Cosmetic news of the month – Clinique had brought out a new powder to combat redness, which the skin on my nose suffers from. It’s called Redness Solutions Instant Relief Mineral Powder and I have found it to be very impressive. The relief is indeed instant – my red nose disappears and becomes a more normal colour, fitting in with the rest of my face and because it’s mineral powder it’s very light so there isn’t a load of yellow powder sitting in obvious fashion on my nose. Also after a while of flirting with other eye creams I have reembraced Dermalogica’s (what is the exact name, I’ll have to go and find it.) Right, I have it. It’s Multivitamin Power Firm and it’s like being reunited with an old friend. It’s my favourite.

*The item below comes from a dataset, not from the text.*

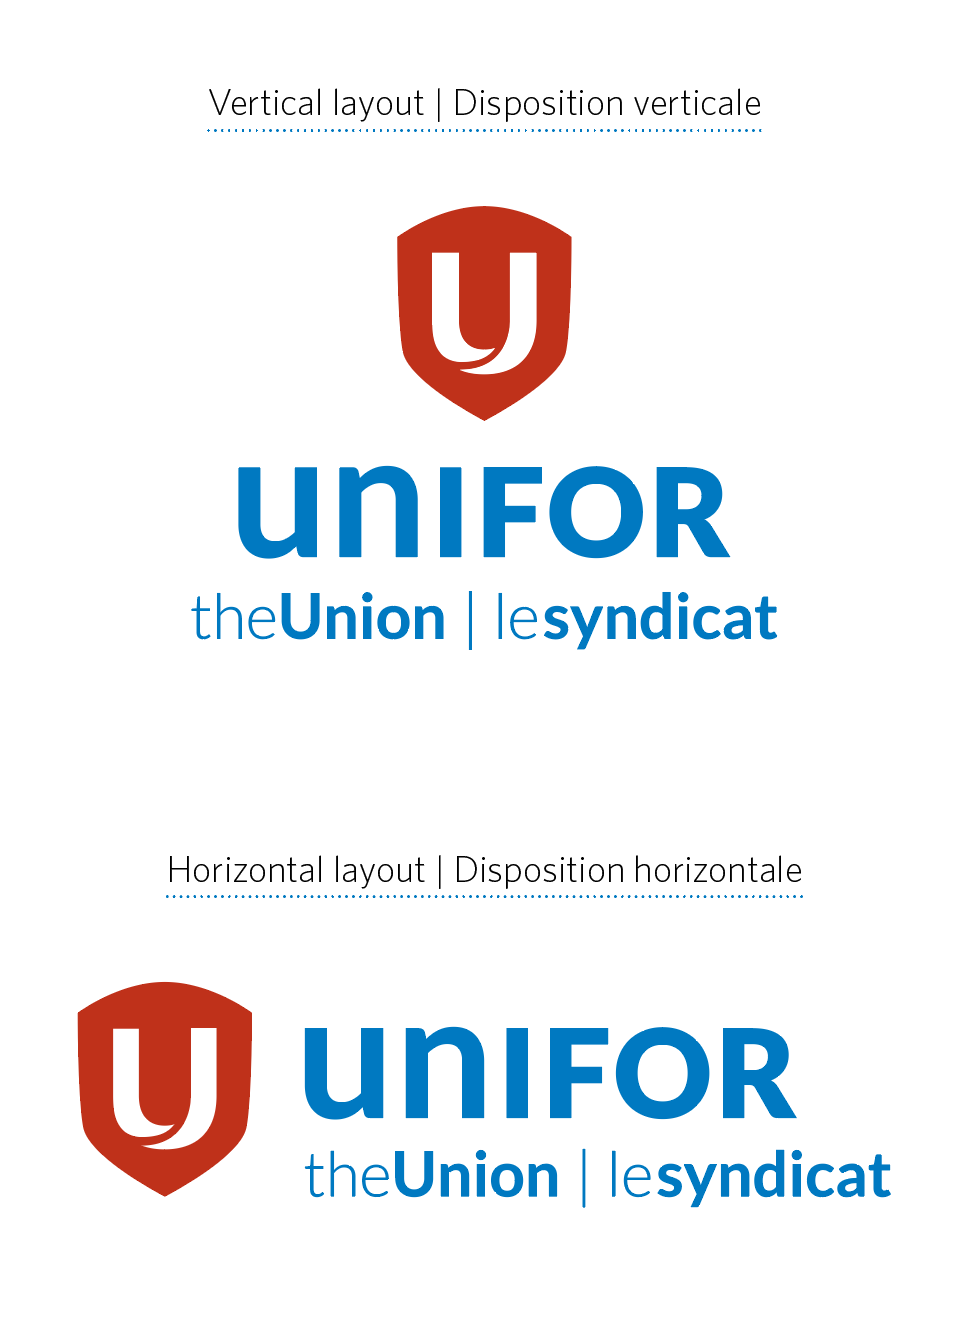 Unifor logo in vertical and horizontal formats

I didn’t mean to flirt with other ones, it’s just that I ran out and I had some other stuff in the drawer, but I just love it and it’s also for around the mouth and I sincerely think it changes the look of the skin around my mouth too.
I hope, wherever you are, you’re keeping well and enjoying the good weather, if indeed you are having good weather. Remember – be earth, be crumbled, you’ve been stoney for too long... humour me, I mean no harm. Thank you again for all your kindness, for the voting and the advice on the feet and for not judging me and my Rumi-stuff. Have a lovely June and thank you for reading this.